WHAT THE EXERCISE ASKS: Copy everything in the listing below word for word, apart from any images.

MATERIAL PROVIDED:

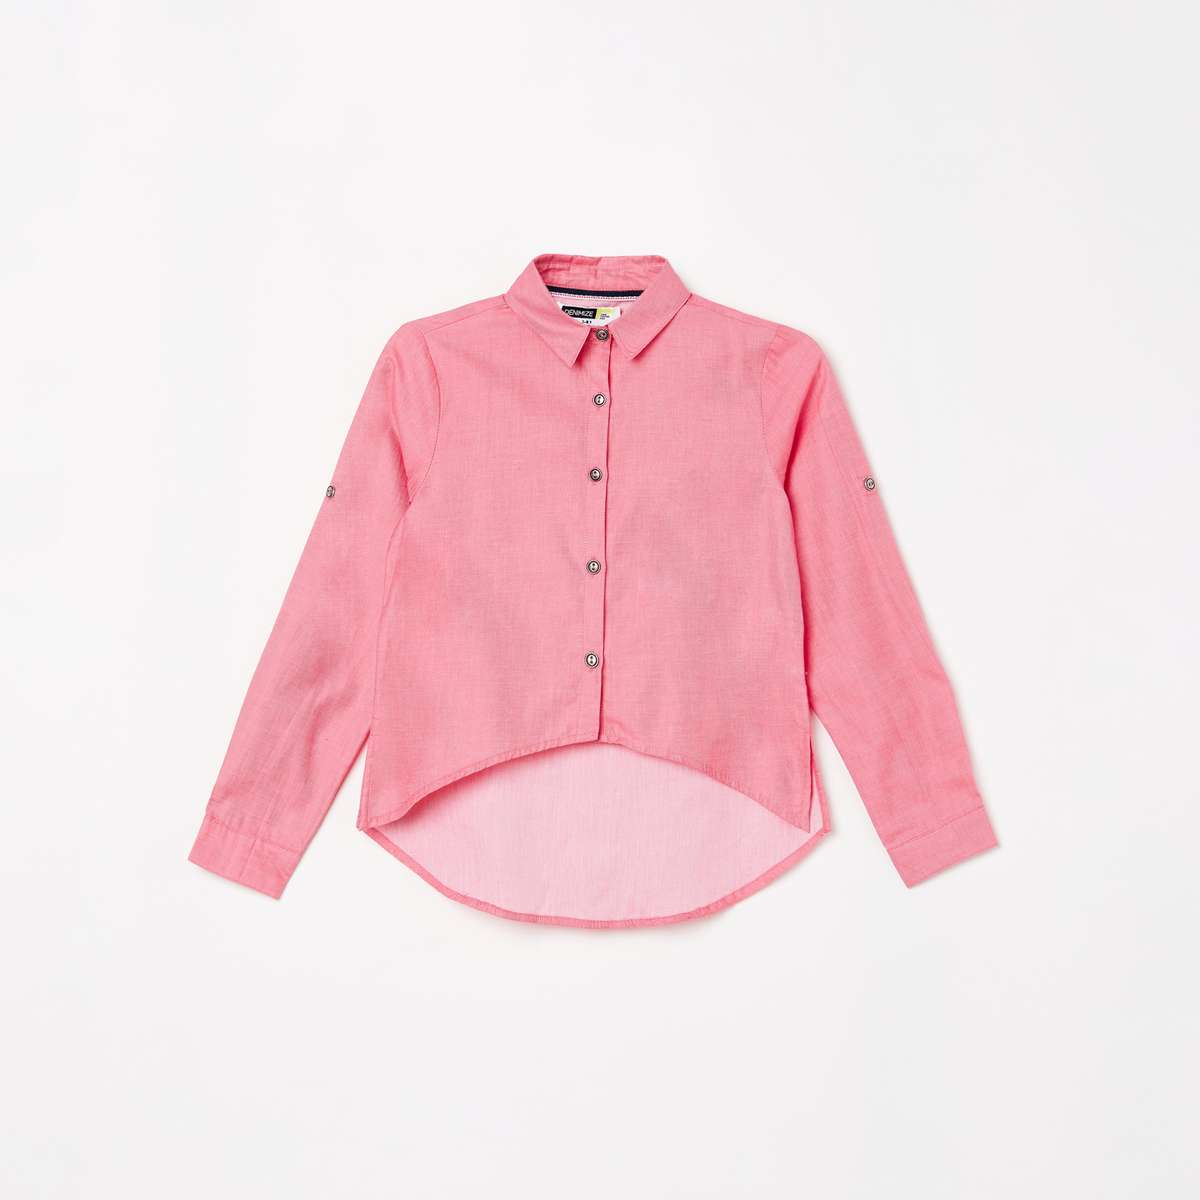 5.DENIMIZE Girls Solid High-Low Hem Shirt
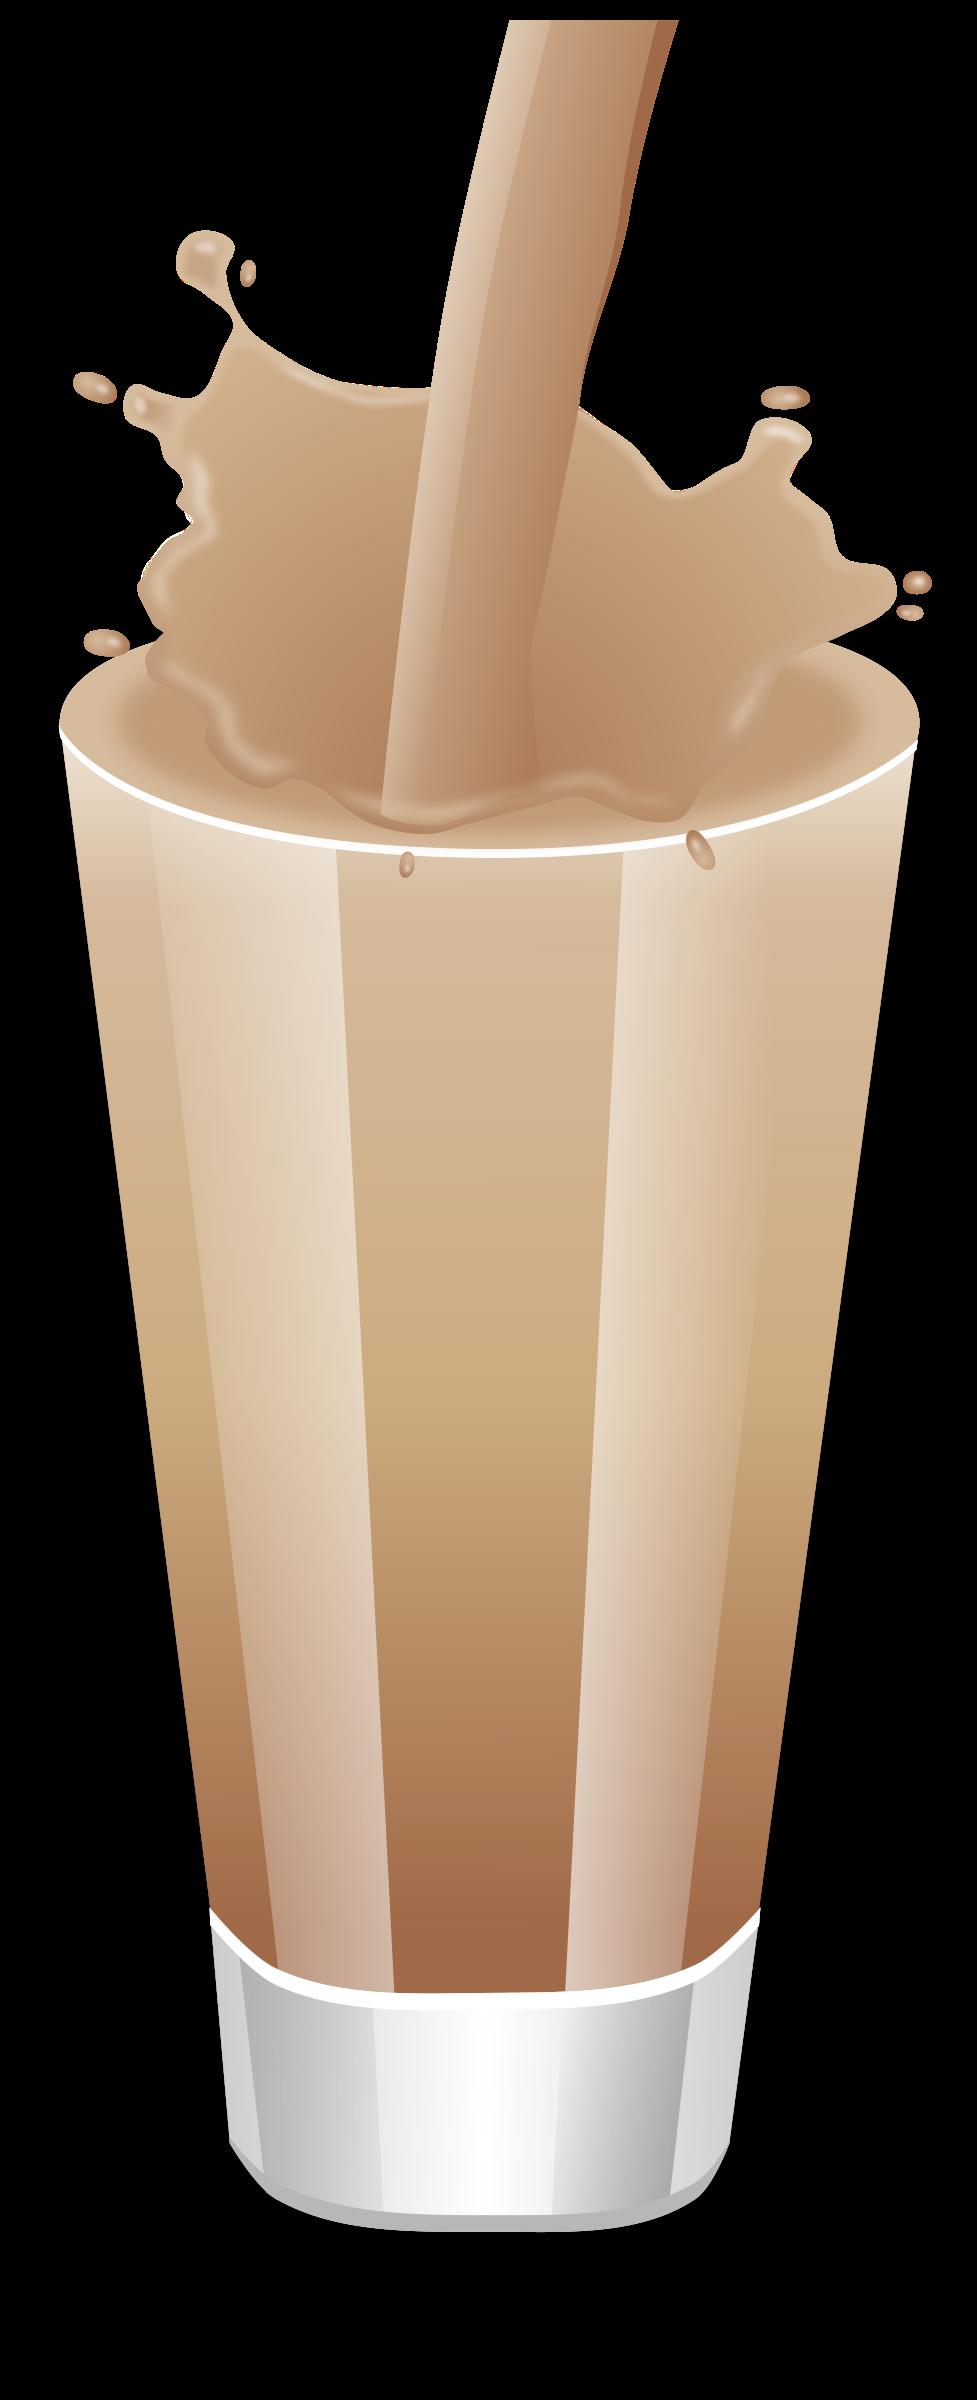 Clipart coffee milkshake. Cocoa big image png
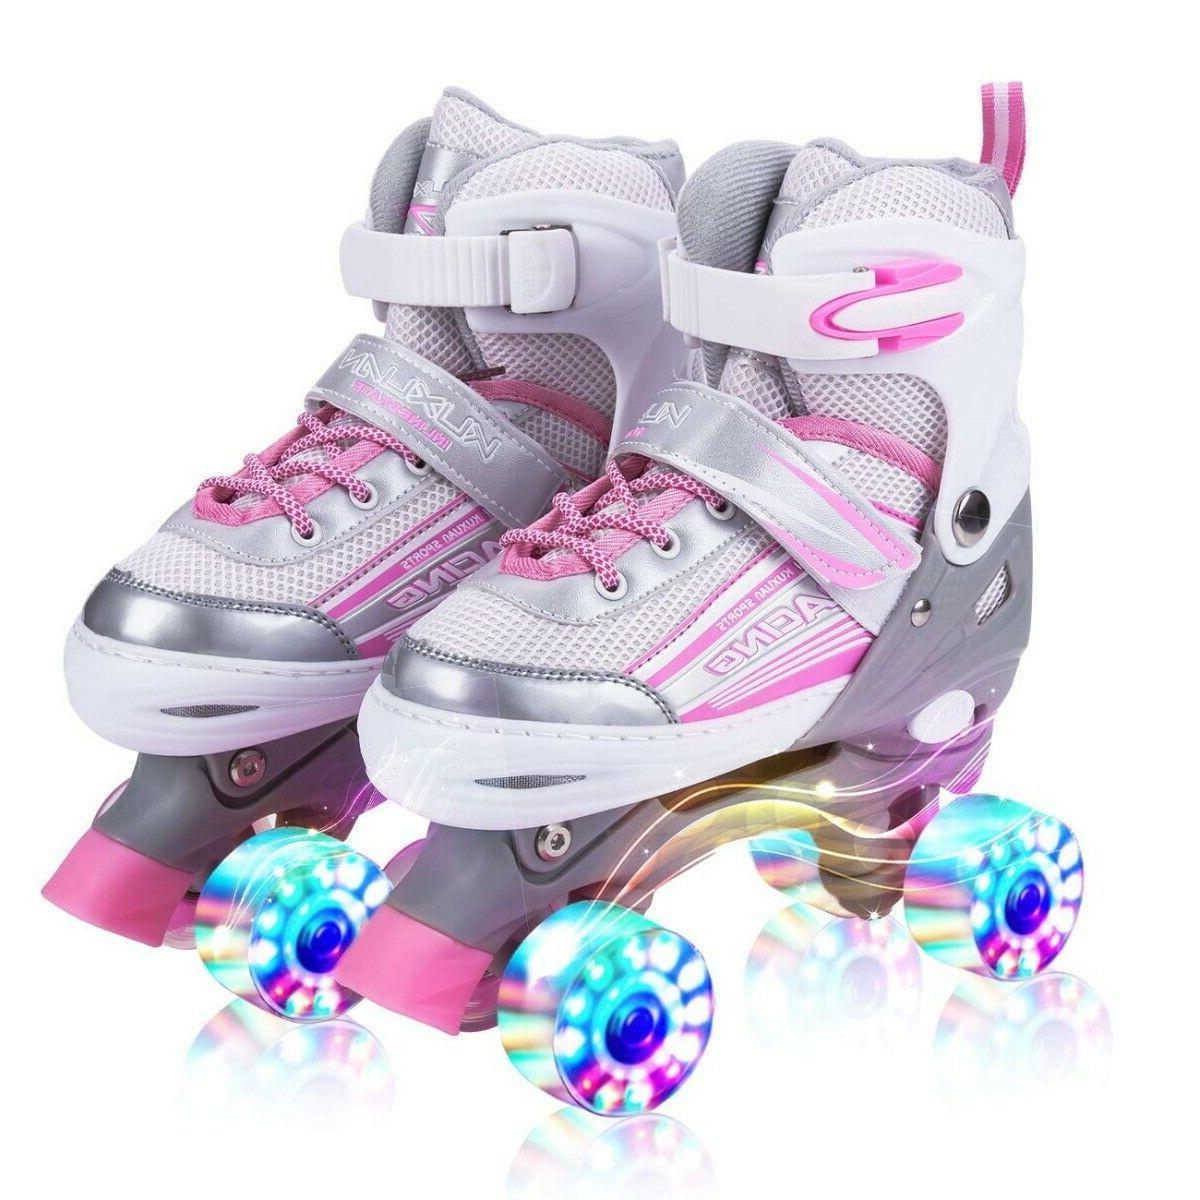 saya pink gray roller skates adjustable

ANSWER FOR THIS EXERCISE:
 5.DENIMIZE Girls Solid High-Low Hem Shirt
 Clipart coffee milkshake. Cocoa big image png
 saya pink gray roller skates adjustable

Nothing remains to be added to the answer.